XML API for best performance

1.2k Views Asked by At

I have an application that works with a lot of XML data. So, I want to ask you which is the best API to handle XML in java. Today, I'm using W3 and, for performance, I want to migrate to some API. I make XML from 0, a lot of transforms, import into database (mysql, mssql, etc), export from database to html, modifi of those XML, and more.

Is JDOM the best option? do you know some other better than JDOM? I heard (by reading pages) about javolution. Somebody use it?

Which API you recommend me?

3

There are 3 best solutions below

0
On BEST ANSWER

If you have vast amounts of data, the main thing is to avoid having to load it all into memory at once (because it will use a vast amount of memory, and because it prevents you overlapping IO and processing). Sadly, i believe most DOM and DOM-like libraries (like DOM4J) do just that, so they are not well suited for processing vast amounts of XML efficiently.

Instead, look at using a streaming API, like SAX or StAX. StAX is, in my experience, usually easier to use.

There are other APIs that try to give you the convenience of DOM with the performance of SAX. Javolution might be one; VTD-XML is another. But to be honest, i find StAX quite easy to work with - it's basically a fancy stream, so you just think in the same way as if you were reading a text file from a stream.

One thing you might try is combining JAXB with StAX. The idea is that you stream the file using StAX, then use JAXB to unmarshal chunks within it. For instance, if you were processing an Atom feed, you could open it, read past the header, then work in a loop unmarshalling entry elements to objects one at a time. This only really works if your format consists of a sequence of independent elements, like Atom; it would be largely useless on something richer like XHTML. You can see examples of this in the JAXB reference implementation and a guy's blog post.

0
On

Well, the most developers I know and myself, we use dom4J, maybe if you have the time you could write a small performancetest with use of both frameworks, then you will see the difference. I prefere dom4j.

0
On

The answer depends on what performance aspects are important for your application. One factor is whether you are handling large XML documents.

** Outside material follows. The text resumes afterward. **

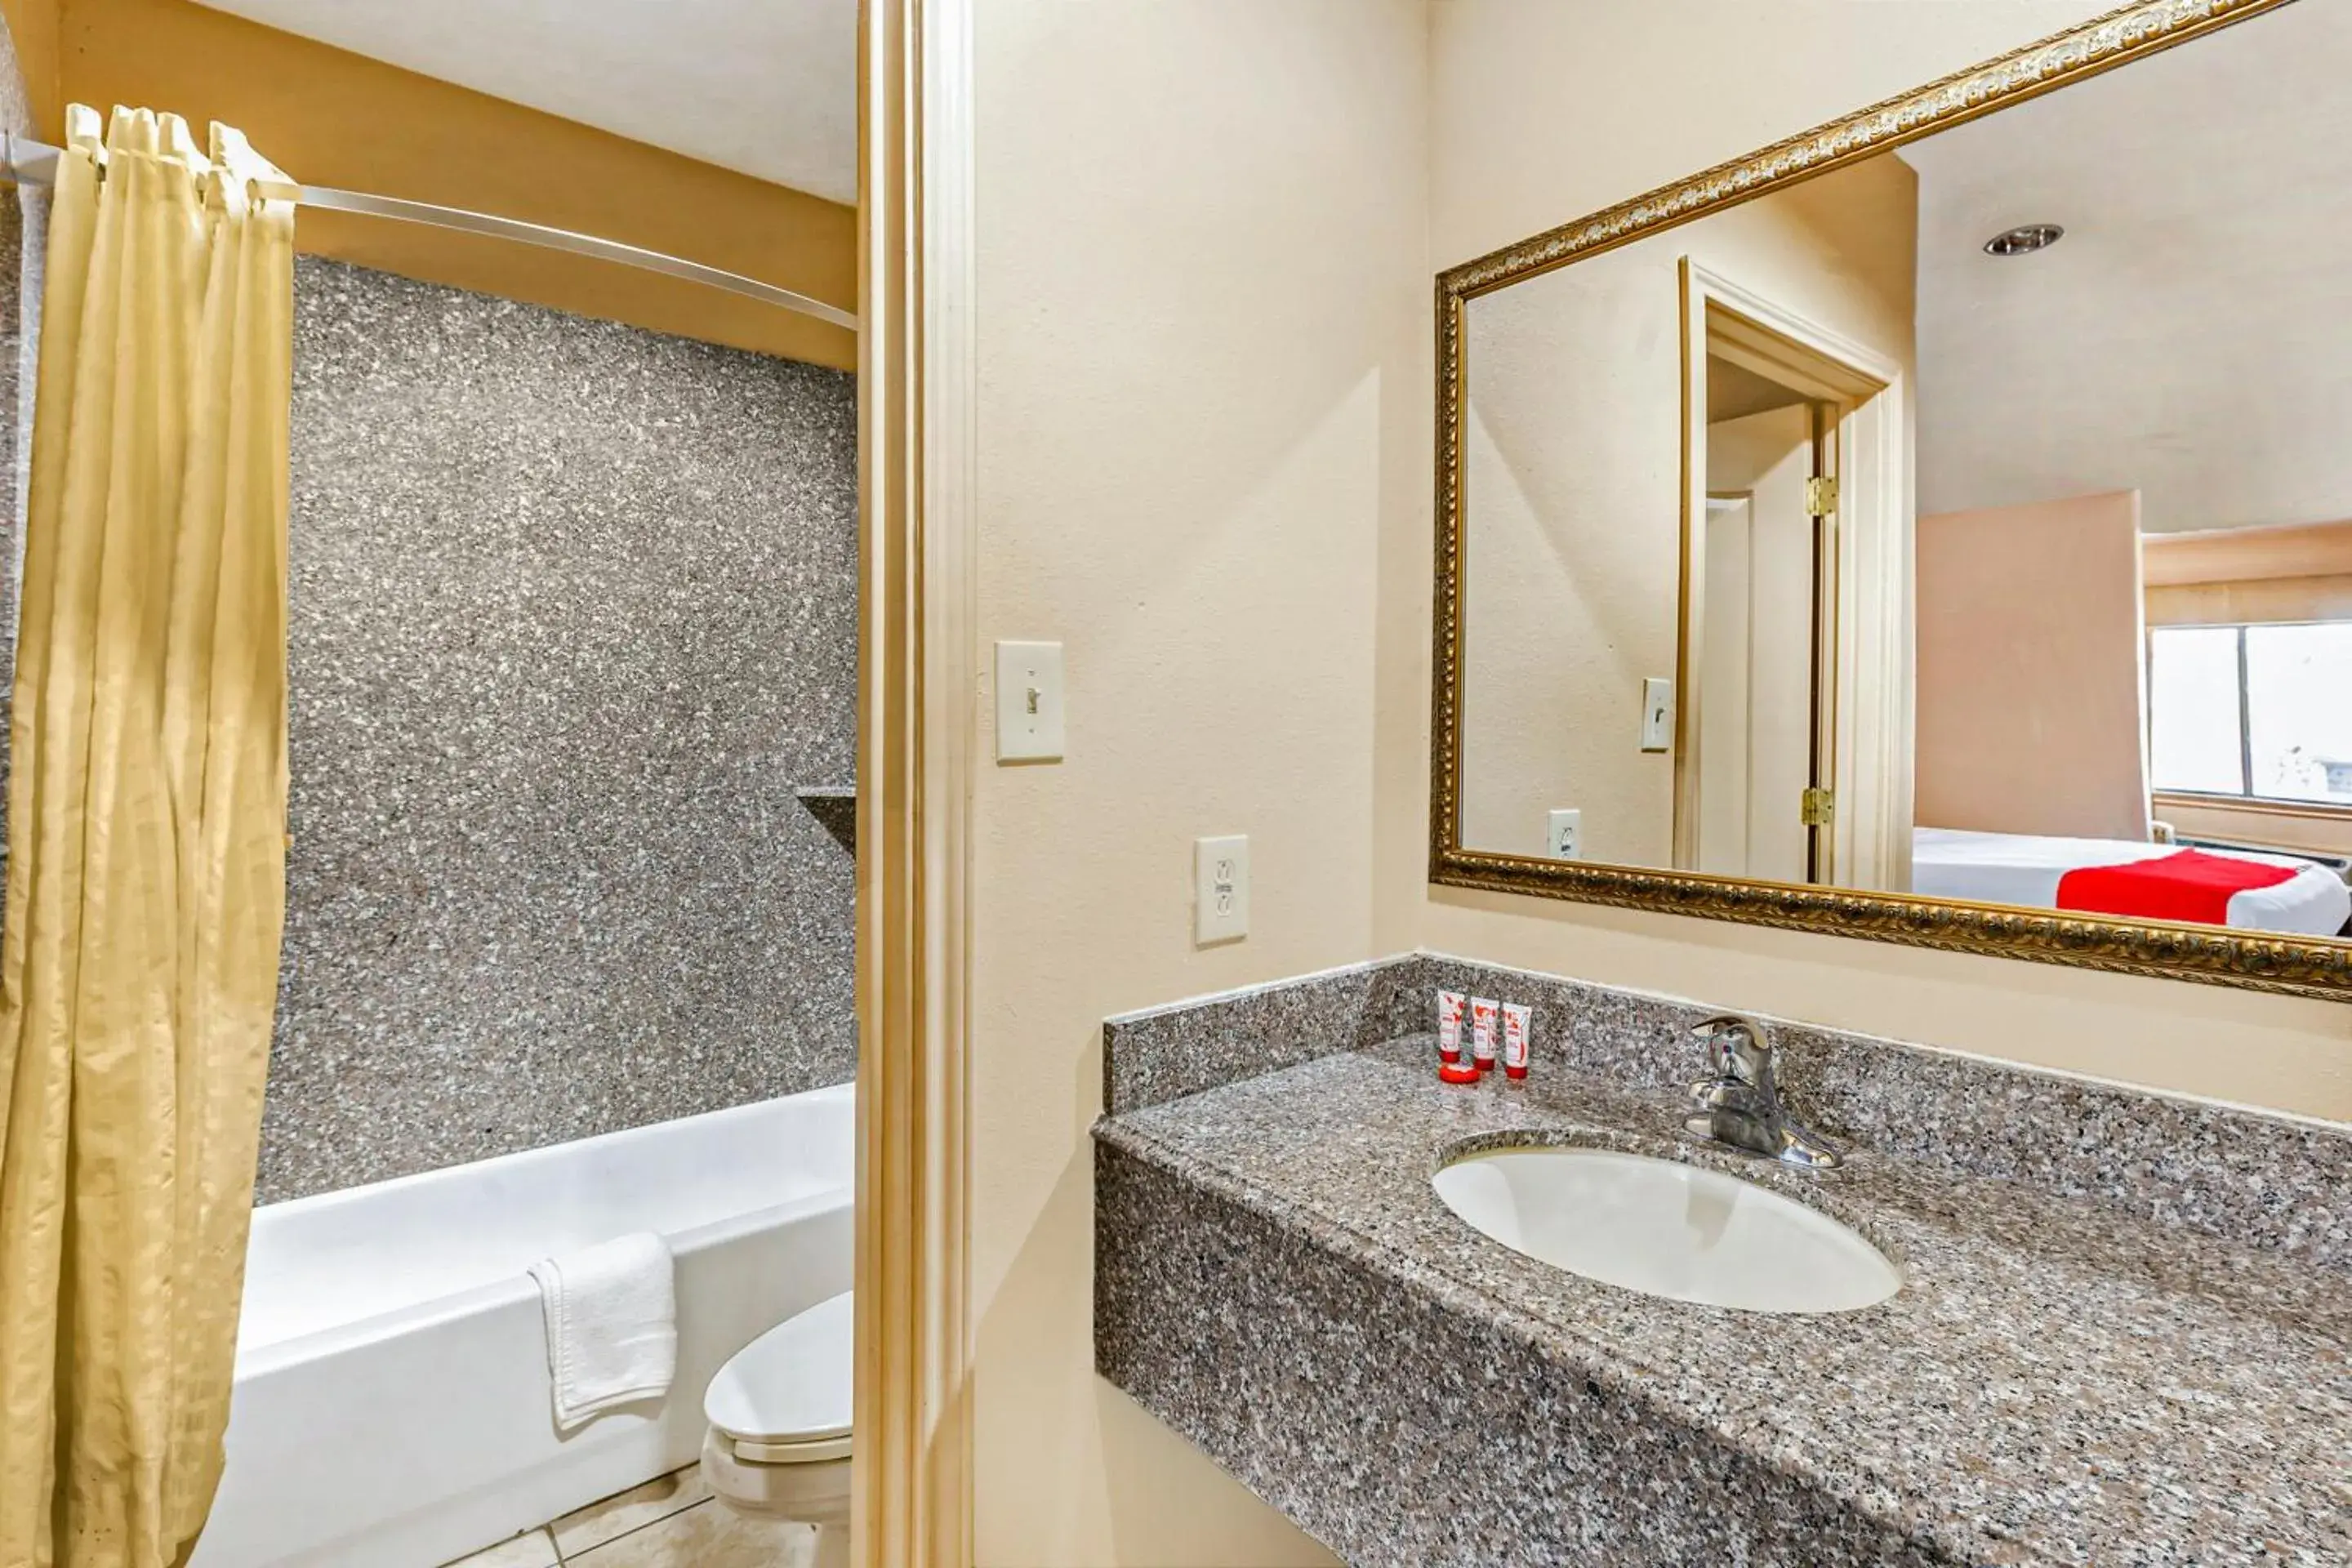 Bathroom in OYO Hotel Jewett TX Southwest, I-45

For parsing, DOM-based approaches will not scale well to large documents. If you need to parse large documents, non-DOM parsers such as those using SAX and StAX will be faster and less resource intensive. However, if you need to transform XML after parsing, using either XSL or a DOM API, you are going to need the whole document in memory in any case.

For creating XML from code, StAX provides a nice API for this. Since the approach is stream-based, this will scale well to writing very large documents.